And then we already talked about risk management as well, but compliance and risk often do overlap each other. So, you’re identifying and mitigating compliance risks through the definition and enforcement of these policies as well.
Oscar: Indeed. So, there is some reports that can be directly created, right, from the IGA system. And that can be directly taken by the compliance officer or whoever requires it, right?
Craig: Yeah.
Oscar: The other you mentioned there was the operational efficiency, right? So, as you mentioned, it’s one of the three main problems. Let’s – I’d like to hear more about that as well, how IGA helps.
Craig: Yeah. And I think that’s one of the things that I think separates IGA and the information security market sometimes. That it’s not always focusing on risk reduction and things that are maybe potentially seen as negative. So, you talk about fear and certainty and doubt within the sales process, etc. When you’re doing that, it can often be quite a hard sell because it’s hard to quantify the risk. We can’t help with that. There are formulas out there of calculating the impact of a risk based on, you know, and the likelihood, the cost of the actual breach, etc.
But to bring it back to what you actually asked about from an efficiency perspective, if you look at – if organisations are still heavily manual in their provisioning and their processes, there’s a huge cost to that from areas like your service desk, your operational IT administrators. And often it leads you to the potential for human error as well. So, if you start to automate those things, you see a reduction in numbers of calls to the desk, a number of manually created events and things that are being done. And you can put a pound, euro, dollar sign against that clearly from an efficiency and a cost reduction perspective.
From an end user perspective as well, I mean, it’s always, I think there’s – we’re still trying to shake off the thing that security is a barrier to efficiency. There’s an old adage that I keep using for it regularly that ‘efficiency is insecure, but security is inefficient’. And I don’t think that’s true anymore. I think if you correctly apply your policies in a way that apply the appropriate level of risk, your users – to them, it should be seamless pretty much all the time. They shouldn’t see these processes as an action. They should see it as; they request the access they need, it gets granted to them in a timely manner. When they move around the organisation, a lot of that should happen automatically.

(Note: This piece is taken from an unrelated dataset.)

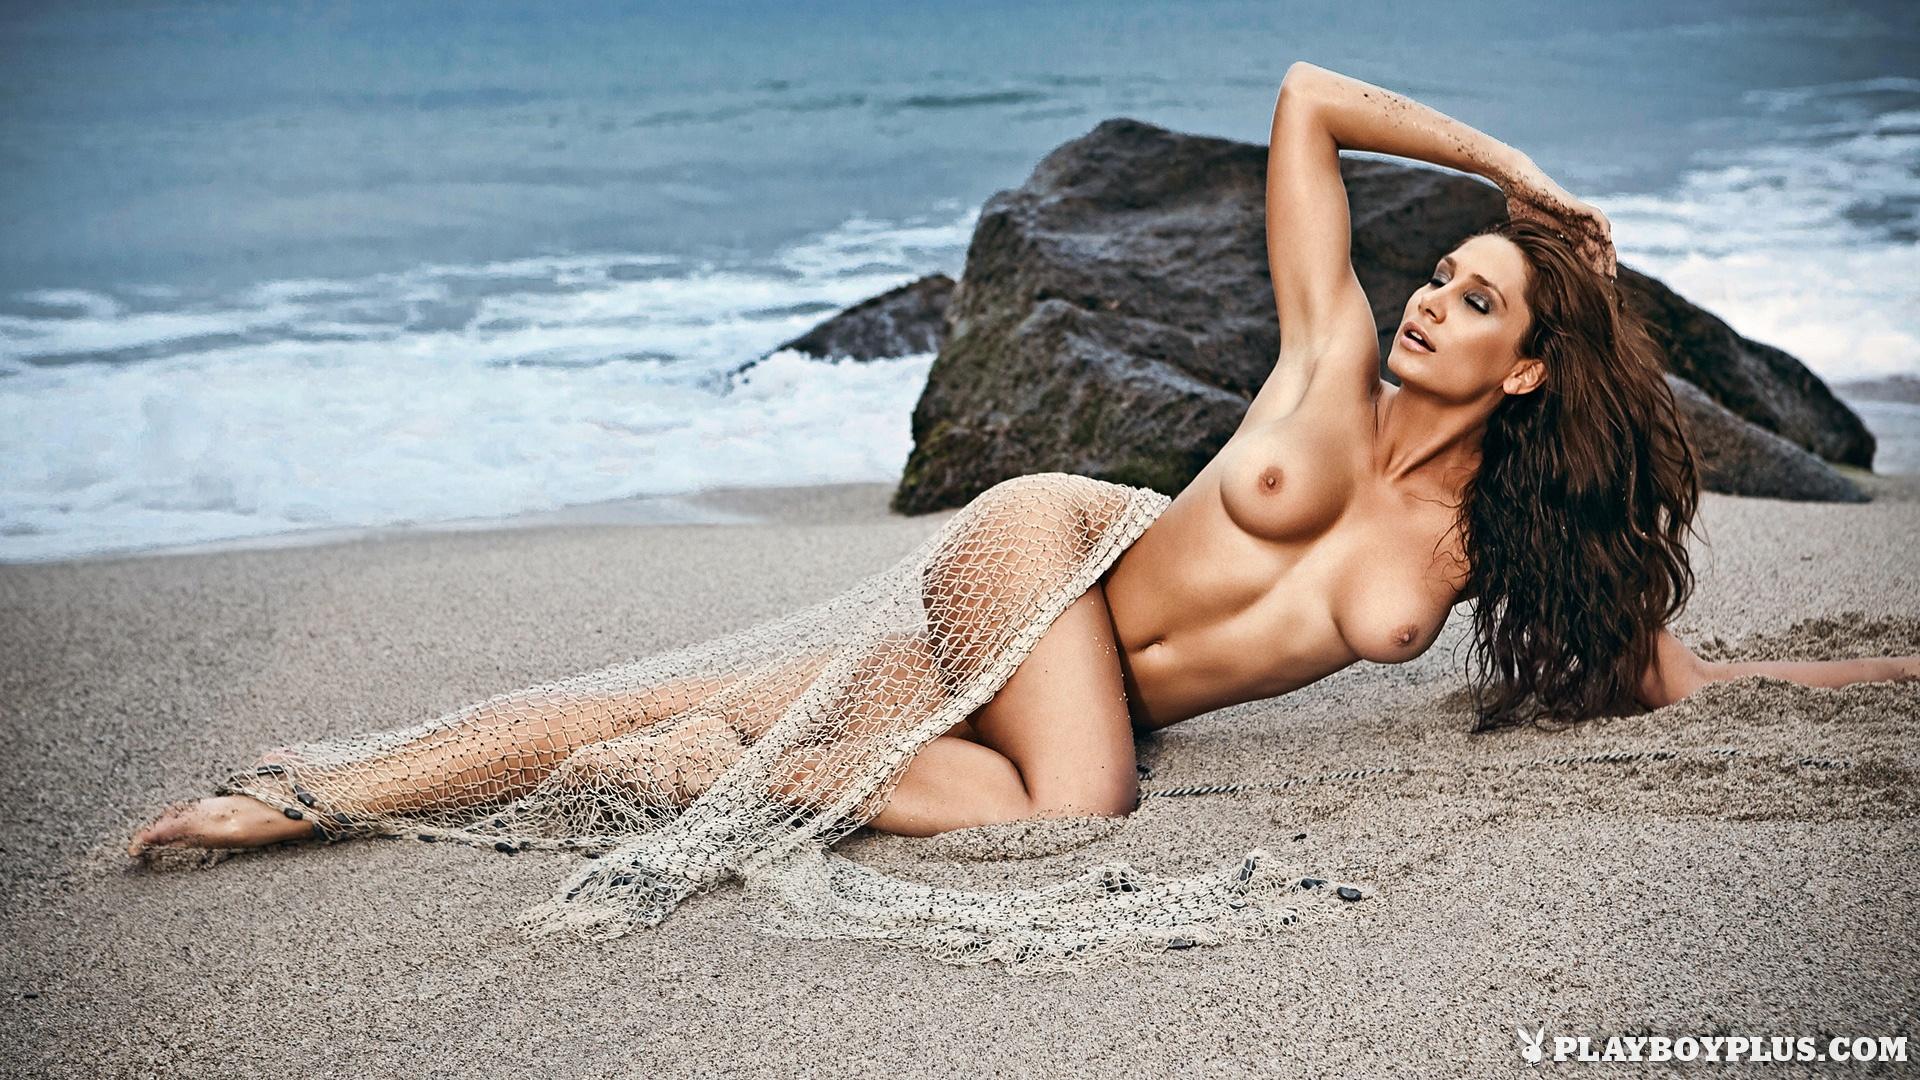 Hot string bikini babes

Overall, you should see an increase in productivity. Your line managers aren’t getting frustrated when people join the organisation and they’re having to submit 10 different requests to get them functioning from day one. So, it’s overall operational efficiency and cost reduction. But the productivity. And end user experience of it as a result of a well-delivered IGA program, I think is clear to see as well.
Oscar: Yeah, cost reduction is clear and is a great reason to buy a product like IGA. Absolutely. Well, if you quantify that to a buyer, it’s like, wow, you can convince him or her very easily. Yeah.

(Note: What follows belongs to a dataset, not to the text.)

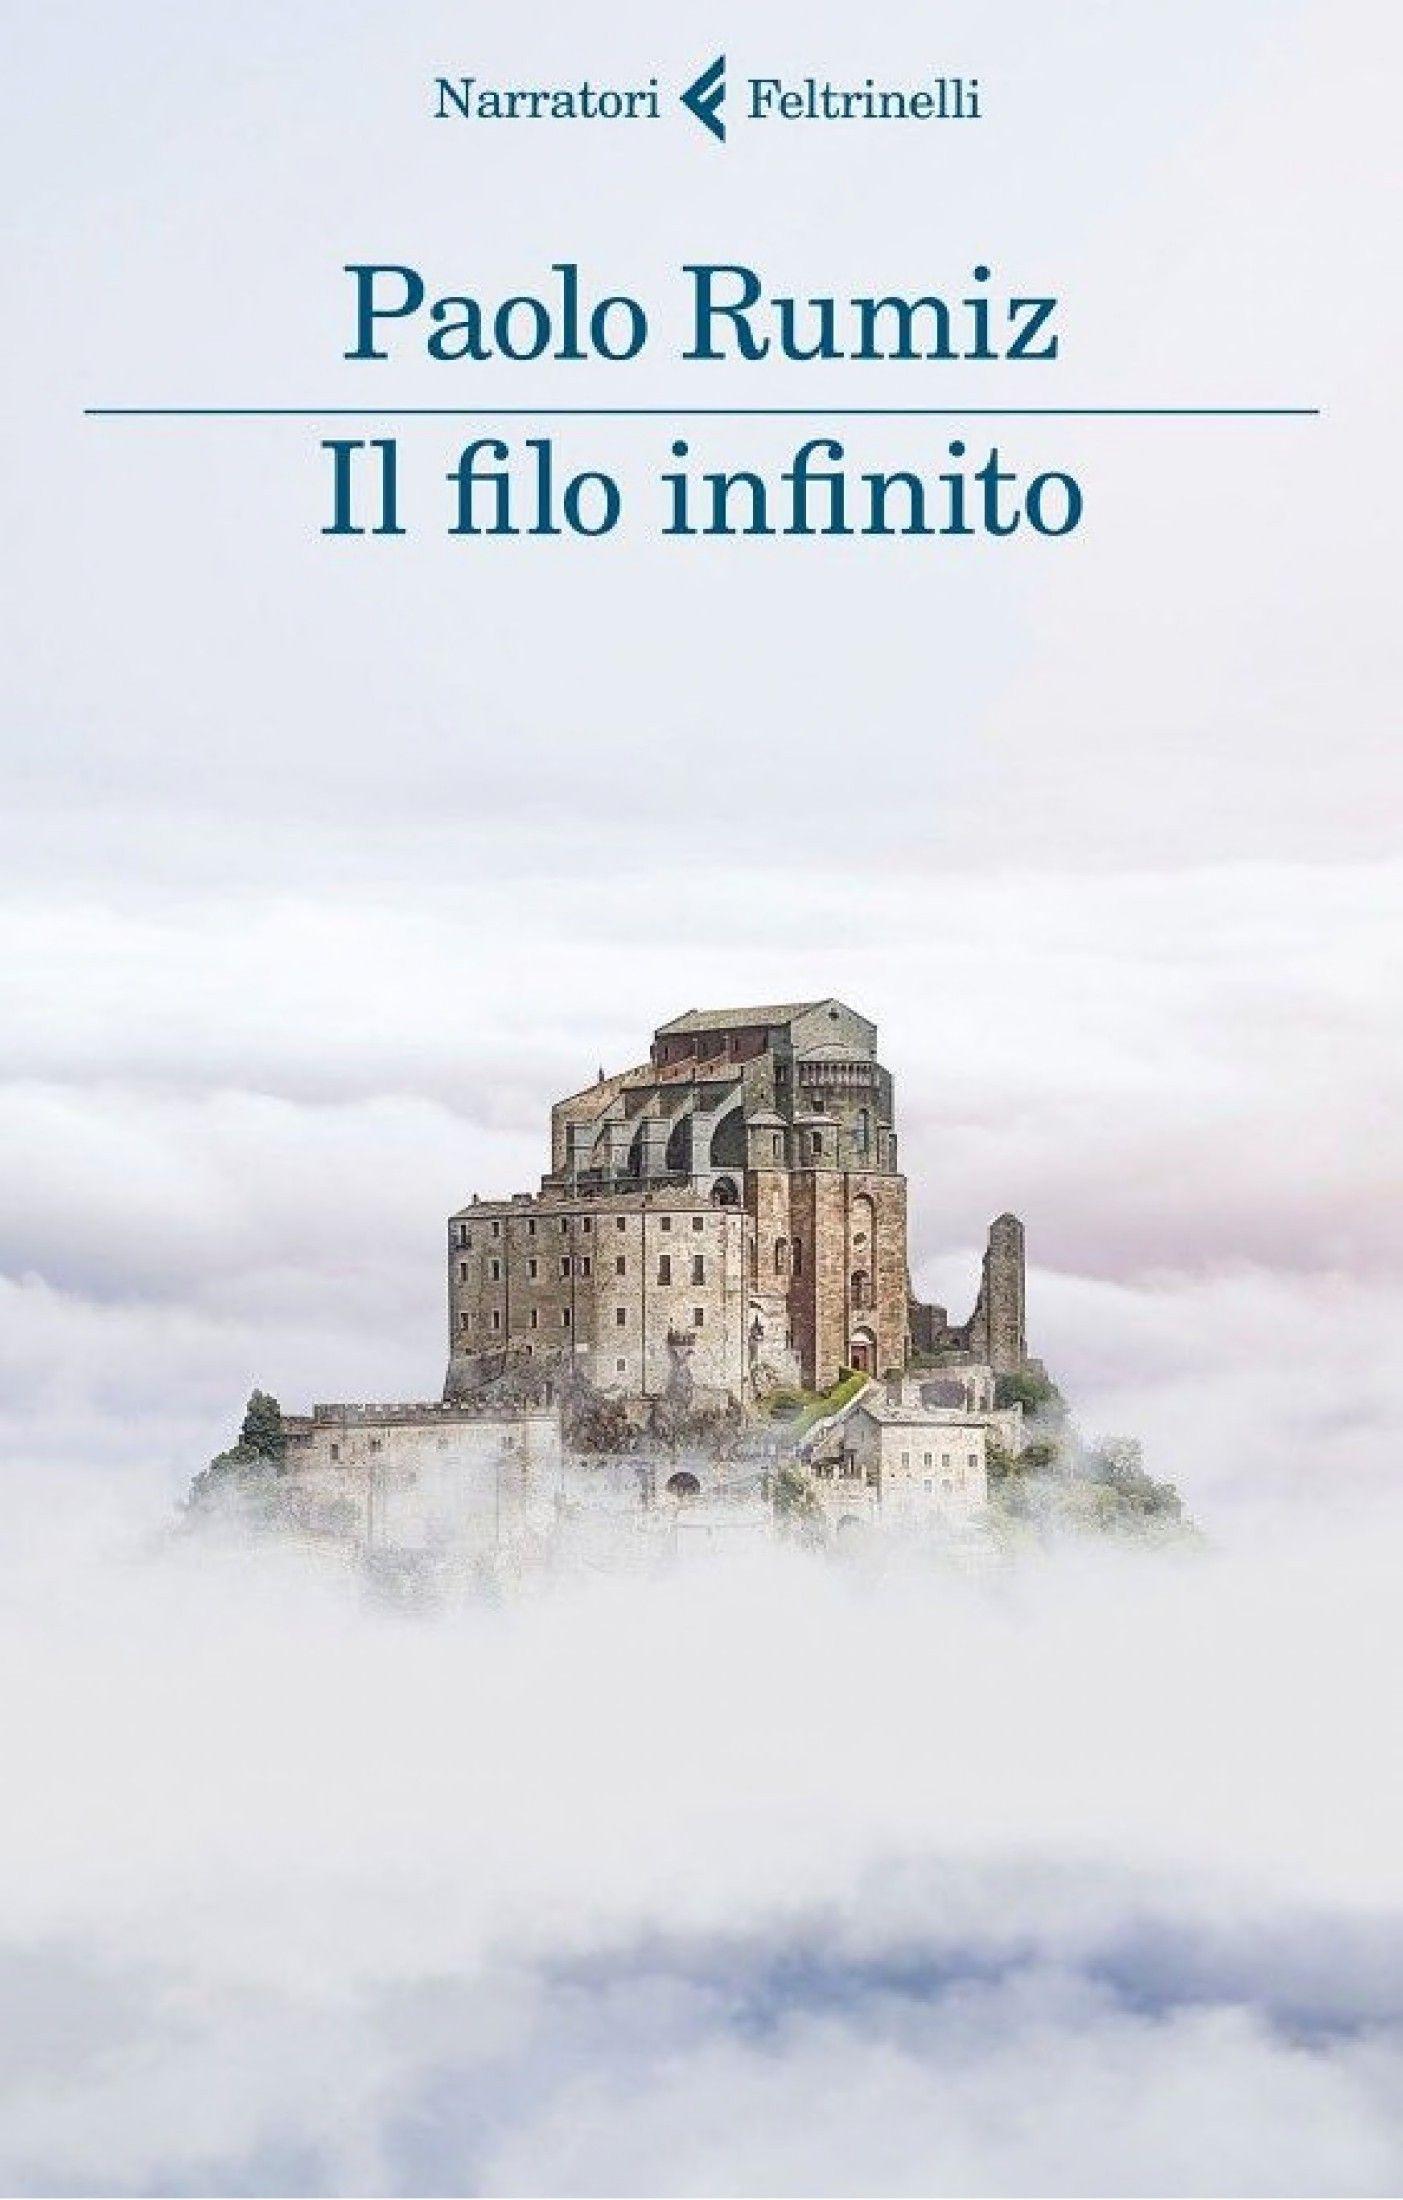 rencontrer - Coniugazione del verbo « rencontrer » | schoLINGUA

At Ubisecure, we are working with CIAM, and I experienced directly that sometimes requests come from potential customers, and they are looking for identity and access management. And when we review closely, we see that sometimes what they need is IGA or what they need is both IGA and customer identity and access management. So, and in those cases, the customer will need to deal with these two types of system, right? The IGA and CIAM.
So, what is your perspective from your experience working integrating these two types of tools? What are the main things that a buyer bought from business and technical perspective should know at least?
Craig: Yeah, so, I mean, funnily enough, I have worked on a couple of opportunities where Omada and Ubisecure have been working together on those kinds of joint proposals where people are looking for IGA and CIAM. And I think it’s interesting because you can make a very strong case about where the overlap is, but you can also equally make a very strong case about why they should be separate because of the nature of the requirements.
From a CIAM perspective, you’re looking for that seamless, really quick response for all your consumers. And then you should be able to deal with high demand periods when you’re very, very busy, when your consumers are consuming your services. And from an IGA perspective, you’re very much looking at the internal and the control and the level of these privileges that we’re talking about. And there are similarities in the capabilities in terms of, you know, being able to provision in a timely manner, deprovision in a timely manner, ensuring that it’s the level of appropriateness.
So, if you look at it from an integration perspective, a unified management of the identities, I think, could be important whilst treating them differently. I think your end user experience again should be important. So, you’re balancing security and efficiency for your internal and external customers. And then you should be able to have that from a scalability perspective by seeing those things integrate well with each other as well.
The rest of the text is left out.